The JSON output now emits full structured sections for:

- CPU packages and per-core values
- ARM clusters
- NVIDIA GPUs with CUDA correlation metadata
- AMD GPUs
- `hwmon` sensors
- thermal zones
- board sensors
- fan sensors
- PSU sensors
- capability mask plus capability names
- summary counts

The current schema version is `0.3.0`. Metrics now carry per-metric provenance in the JSON output with:

- `value`
- `unit`
- `source`
- `timestamp_ns`
- `error`

See the synthetic schema example in [samples/synthetic-linux-x86-mock-snapshot.json](/C:/Users/ManishKL/Documents/Playground/thermal-observatory/samples/synthetic-linux-x86-mock-snapshot.json).
See the datacenter direction note in [docs/datacenter-telemetry.md](/C:/Users/ManishKL/Documents/Playground/thermal-observatory/docs/datacenter-telemetry.md).
See the long-form writeup in [docs/blog-why-thermal-observatory.md](/C:/Users/ManishKL/Documents/Playground/thermal-observatory/docs/blog-why-thermal-observatory.md).

## Prometheus

The repo now supports Prometheus-oriented output in two ways:

1. stdout mode:

```bash
./thermal_monitor --prometheus
```

2. textfile collector mode:

```bash
./thermal_monitor --prometheus-textfile /var/lib/node_exporter/thermal.prom
```

Metric families include:

- `thermal_gpu_temperature_celsius`
- `thermal_gpu_power_watts`
- `thermal_gpu_throttle_reason`
- `thermal_cpu_package_temperature_celsius`
- `thermal_board_sensor_value`
- `thermal_fan_rpm`
- `thermal_psu_power_watts`

## Testability

Linux sysfs-based collectors now support `TM_SYSROOT`, which allows the repo to run against mocked fixture trees instead of live `/sys` paths.

That currently covers:

- generic thermal zones
- generic `hwmon`
- x86 `coretemp`
- x86 `powercap` RAPL
- arm64 thermal zones and `cpufreq`
- AMD `amdgpu` hwmon fallback

Fixture scaffolding lives under [tests/](/C:/Users/ManishKL/Documents/Playground/thermal-observatory/tests), with the initial mocked tree at [tests/fixtures/linux_x86_mock](/C:/Users/ManishKL/Documents/Playground/thermal-observatory/tests/fixtures/linux_x86_mock).

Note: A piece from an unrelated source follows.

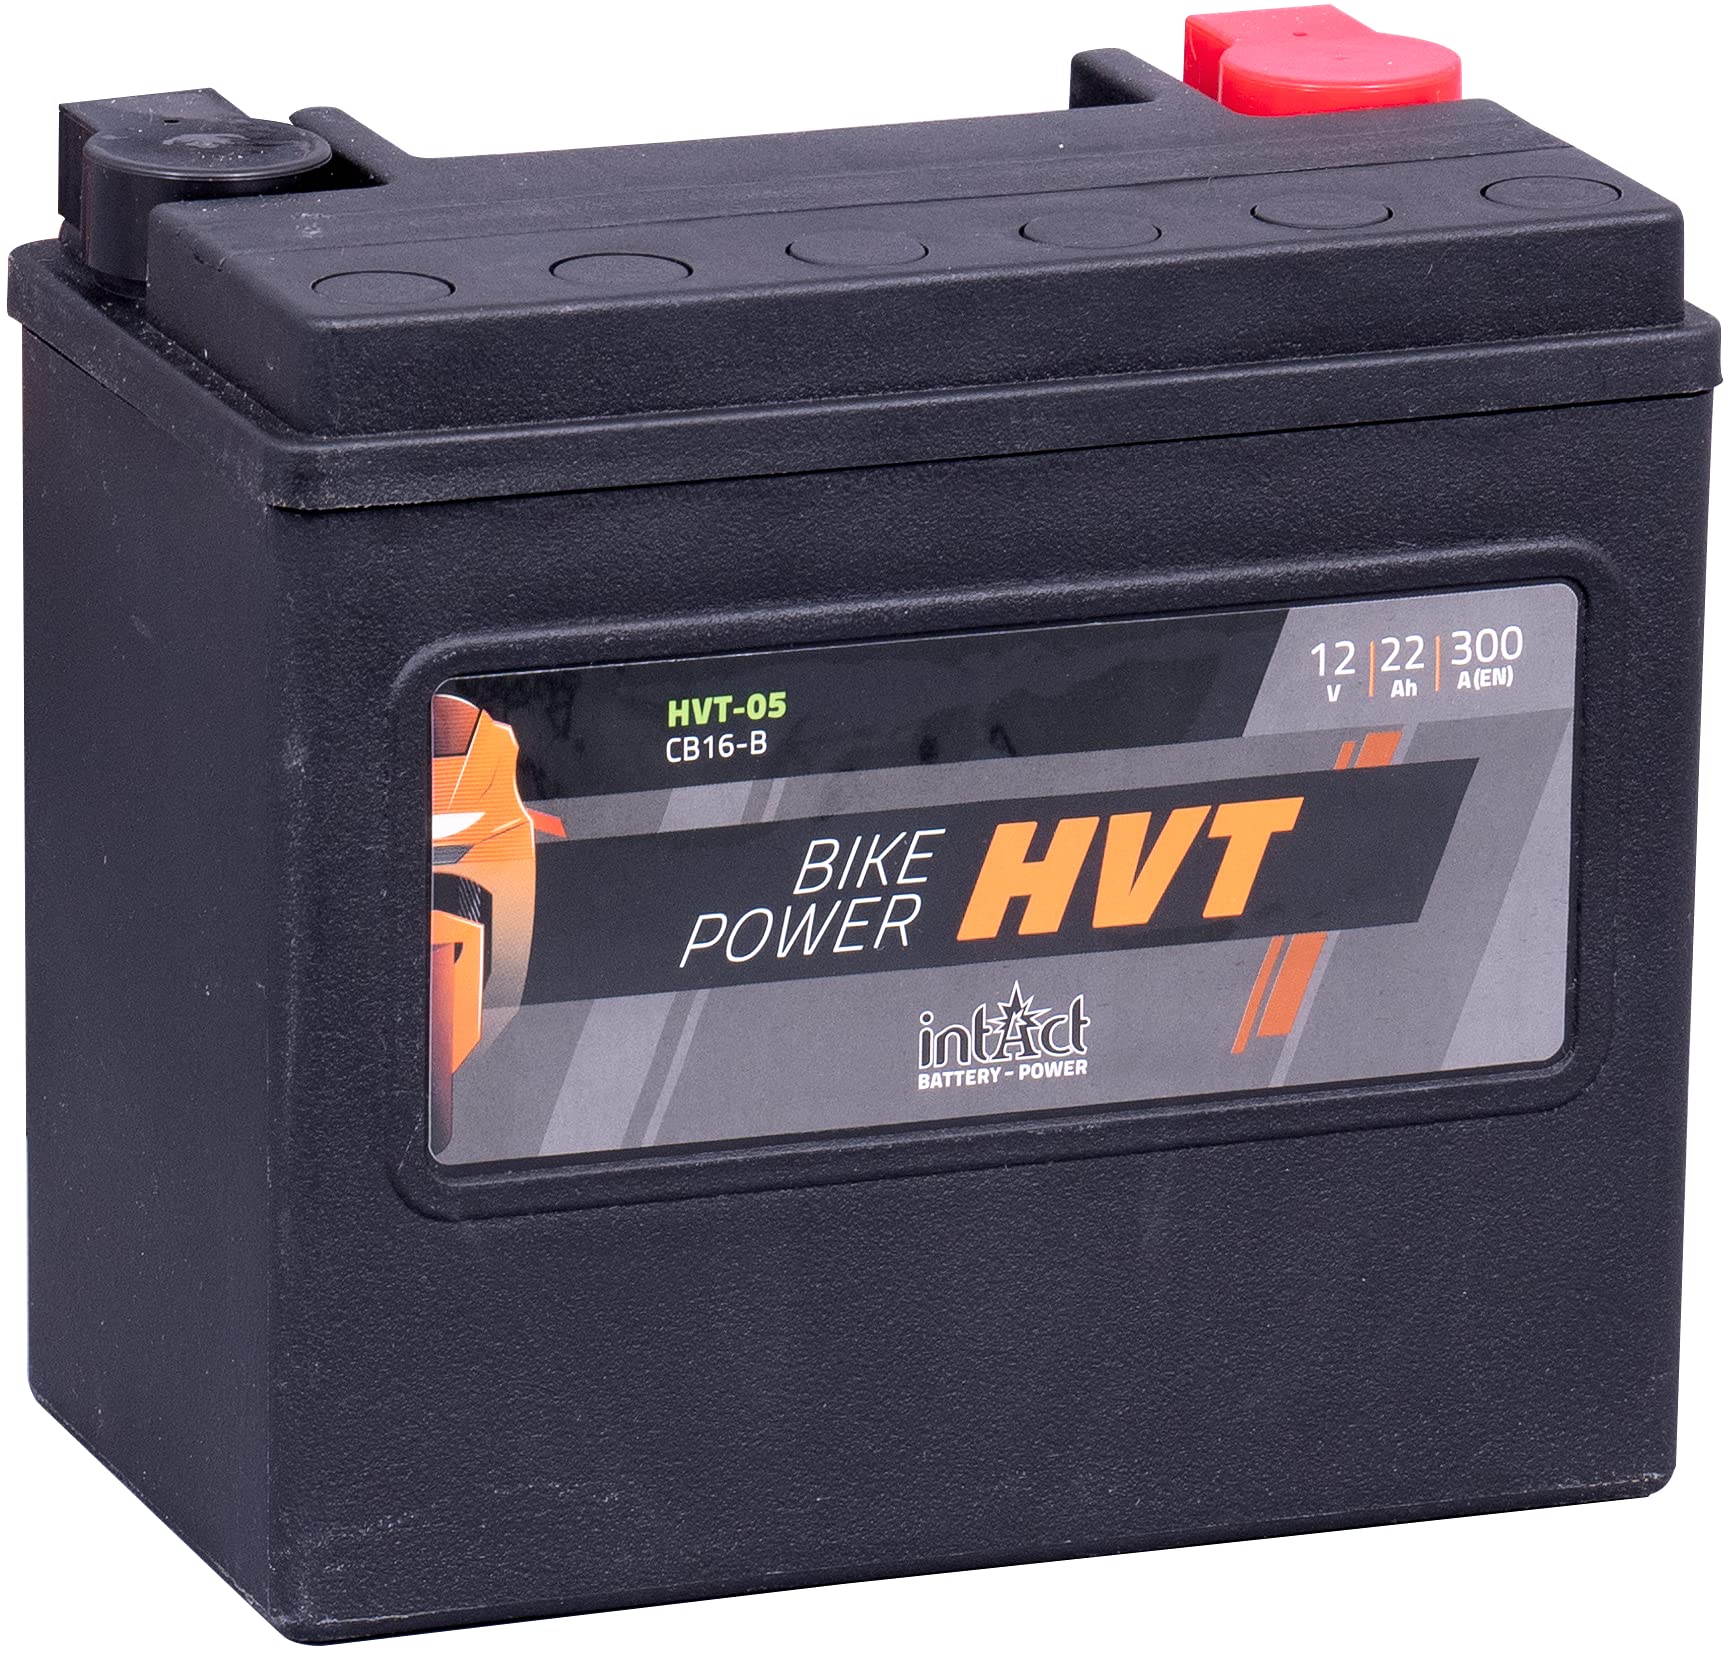 intAct - HVT MOTORRADBATTERIE | Batterie für Roller, Motorrad, Rasentraktor. Wartungsfreier & auslaufsicherer Akku. | HVT-05, CB16-B, 65991-82B, 12V Batterie, 22 AH (c20), 300 A (EN) | Maße: 176x101x156mm

Example fixture run on Linux:

```bash
export TM_SYSROOT=$PWD/tests/fixtures/linux_x86_mock
./thermal_monitor --json > output.json
python3 tests/check_json_schema.py output.json
```

## Validation Strategy

Recommended validation matrix:

- `x86_64 + NVIDIA`
- `x86_64 + AMD`
- `arm64 + NVIDIA`
- `arm64 + AMD`

For each system:

1. Compare framework output to vendor tools.
2. Run a controlled heatload.
3. Observe thermal ramps, power changes, clocks, and throttle transitions.
4. Record gaps in metric availability rather than masking them.

## Roadmap

Near-term:

- make the userspace collectors compile and run cleanly on real Linux hosts
- add ROCm runtime correlation similar to CUDA
- add Prometheus textfile export
- add stronger test fixtures and sample captures
- add CI around fixture-backed Linux collector tests
- harden IPMI, Redfish, and DCGM collectors with real platform validation

Later:

- DCGM integration
- BMC/IPMI userspace collector
- validated MSR-assisted x86 collector path
- safer kernel deep-collector design
- possible non-Linux backends if a clean abstraction emerges

## Current Status

This repo is now best described as a usable `v0.1.0` alpha. The architecture is stable enough for experimentation and integration work:

- structured JSON with per-metric provenance
- Prometheus textfile export
- fixture-backed Linux collector tests
- NVIDIA telemetry plus CUDA correlation
- early datacenter platform telemetry scaffolding

What it still needs most is real Linux hardware validation and hardening of the datacenter collectors.

## Notes

- x86 MSR-backed reads may require `modprobe msr` and root.
- NVML requires the NVIDIA driver stack.
- CUDA correlation requires the CUDA runtime to be installed and discoverable.
- ROCm SMI requires the ROCm stack.
- The kernel module is experimental and should be treated as a research path, not production-hardening.

See [docs/design.md](/C:/Users/ManishKL/Documents/Playground/thermal-observatory/docs/design.md), [docs/architecture.md](/C:/Users/ManishKL/Documents/Playground/thermal-observatory/docs/architecture.md), and [docs/review-notes.md](/C:/Users/ManishKL/Documents/Playground/thermal-observatory/docs/review-notes.md).